Middle class and after ...
In the course of Argentine history, attempts have been made several times to strengthen the identity of the middle class for the purpose of "fighting insurgents." The aim was to split and weaken strong social movements that wanted to unite the lowest strata with the slightly better-off strata. Of course, this was a threat to the interests of those in power and / or the authorities. In at least three events - the fall of Perón in 1955, the approval of the neoliberal model of the 1990s, and after the 2001 crisis - the middle class played a key role. In these three cases it served to divide and confront the social classes and created a sympathetic public opinion towards the projects of the elite, while it weakened possible resistance to it. It is not by chance that the identities that have shaped us are increasingly critical in the current political environment in Argentina considered. This is particularly true of the myths of the "white, European middle-class country" and the "normal country", in which the poor people are always seen as an obstacle to progress that has to be somehow removed. Such criticism can only be healthy.
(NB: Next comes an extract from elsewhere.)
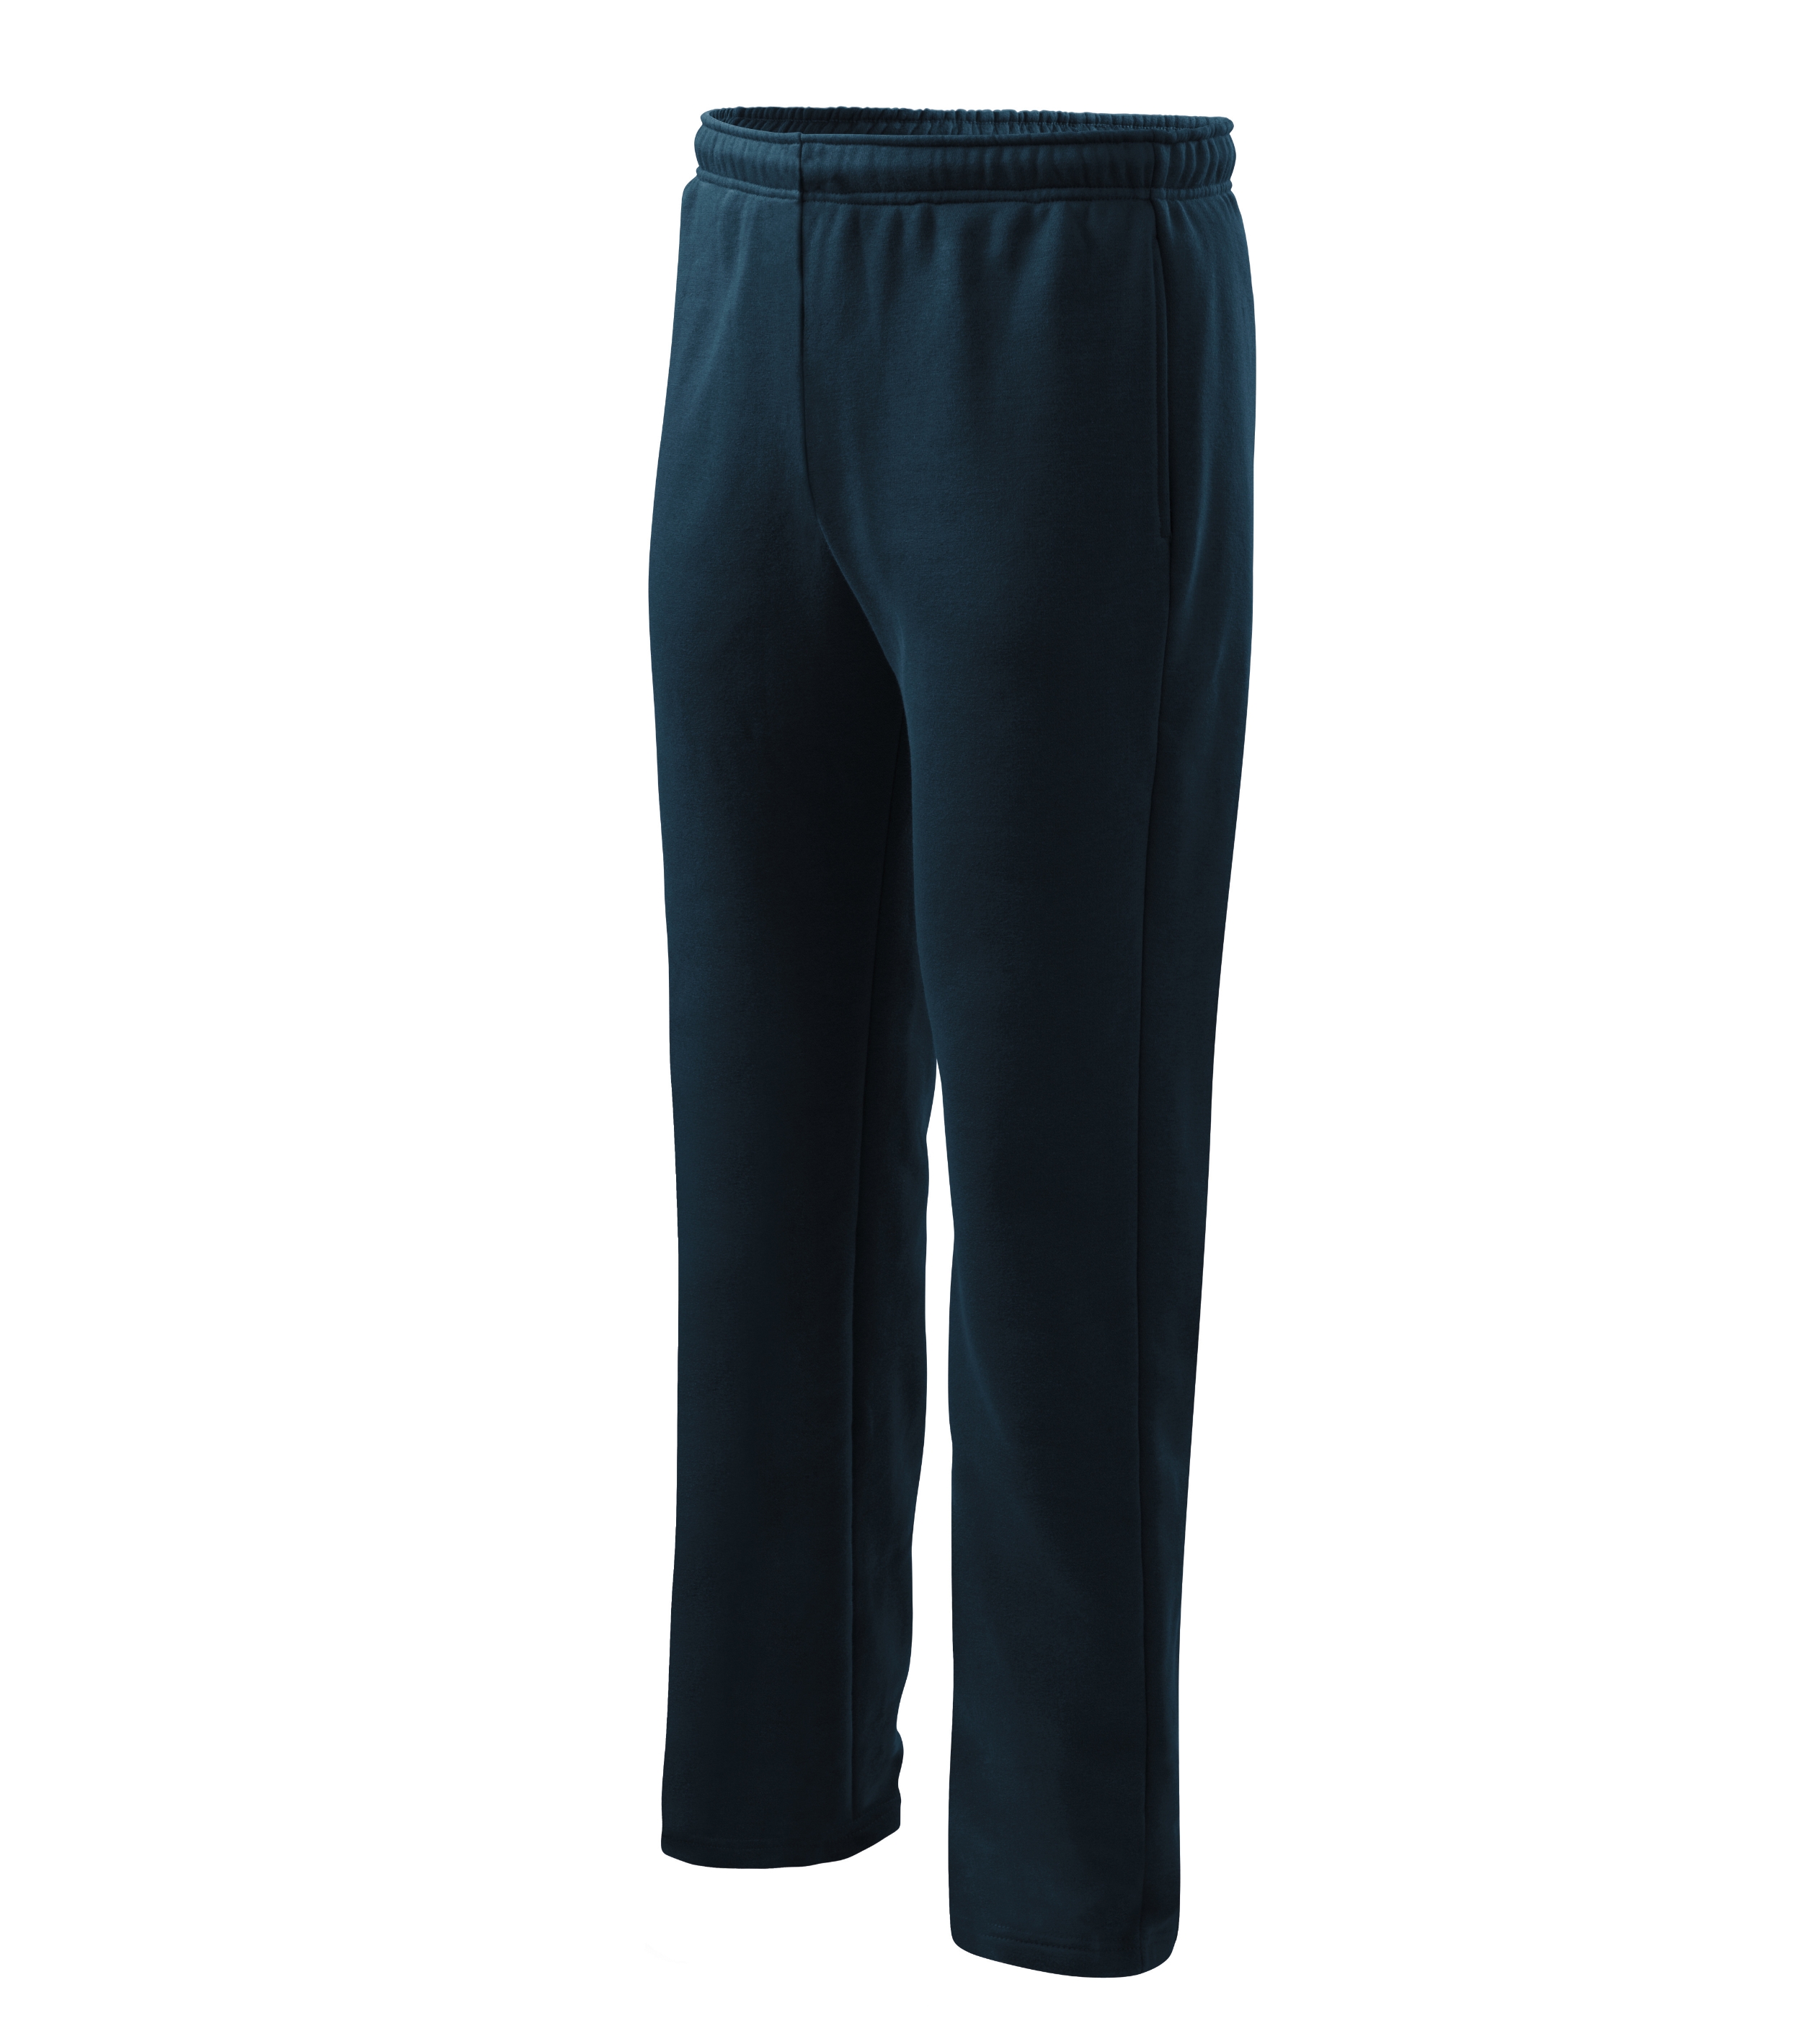 Jogginghose für Herren und Kinder - COMFORT 607 - ideal für Sport- und Bewegungsaktivitäten und elastischer Taillenkragen - Jogginghose Herren als Freizeithose  und Sport

However, there is now a paralyzing view of the political role of the middle class. The progressives or left tend to stereotypes about this social class, which corresponds to the thinking spread by liberal and right-wing politicians and intellectuals, but with the opposite sign. In some respects, we are sometimes too ready, as ex-Vice President Carlos Chacho Alvarez once put it, "to pull out the little book by Jauretche". In the 1950s and 1960s, the national and popular intellectual Arturo Jauretche criticized the middle class's negative attitude towards Peronism. Many progressive sectors keep accusing the middle class of never understanding the national problems, of eagerly imitating the customs of the bourgeoisie, of commuting back and forth between the upper and lower classes but always supporting the upper class, always looking to Europe, despising the poor, being racist, discriminating and so on. These clichés date from the years of Revolución Libertadora and the Peronist resistance. Picked up by Jauretche and the great essayists of the 50s and 60s, such as Juan José Sebreli, Jorge Abelardo Ramos, Jorge Enea Spilimbergo and others, they found their way into popular opinion and they still severely limit our understanding of the political role of the middle class.
Even if these clichés contain a great deal of truth, they obscure the rapprochement and strong ties of solidarity between the working class and large parts of the middle class that have taken place at many moments in national history. This gang existed in 1919, in the 30s and of course with the radicalization of the middle class, especially the youth, in the 60s and 70s. In recent history they have been indicative of the remarkable solidarity during the 2001 crisis and, as Maristella Svampa put it, the "exceptional year" that followed. The middle class is not necessarily and inevitably a social conglomerate with the characteristics that were attributed to it by the essayists of the 1950s and 1960s. Jauretche is certainly stimulating, but having his little book in hand tends to hinder free thinking today. The current political challenge is to return, free of prejudice and clichés, to the solidarity ties between all non-ruling classes. Without strengthening these bonds every more or less profound change and every policy is unthinkable that would be able to restrict the criminal advance of capital on our lives.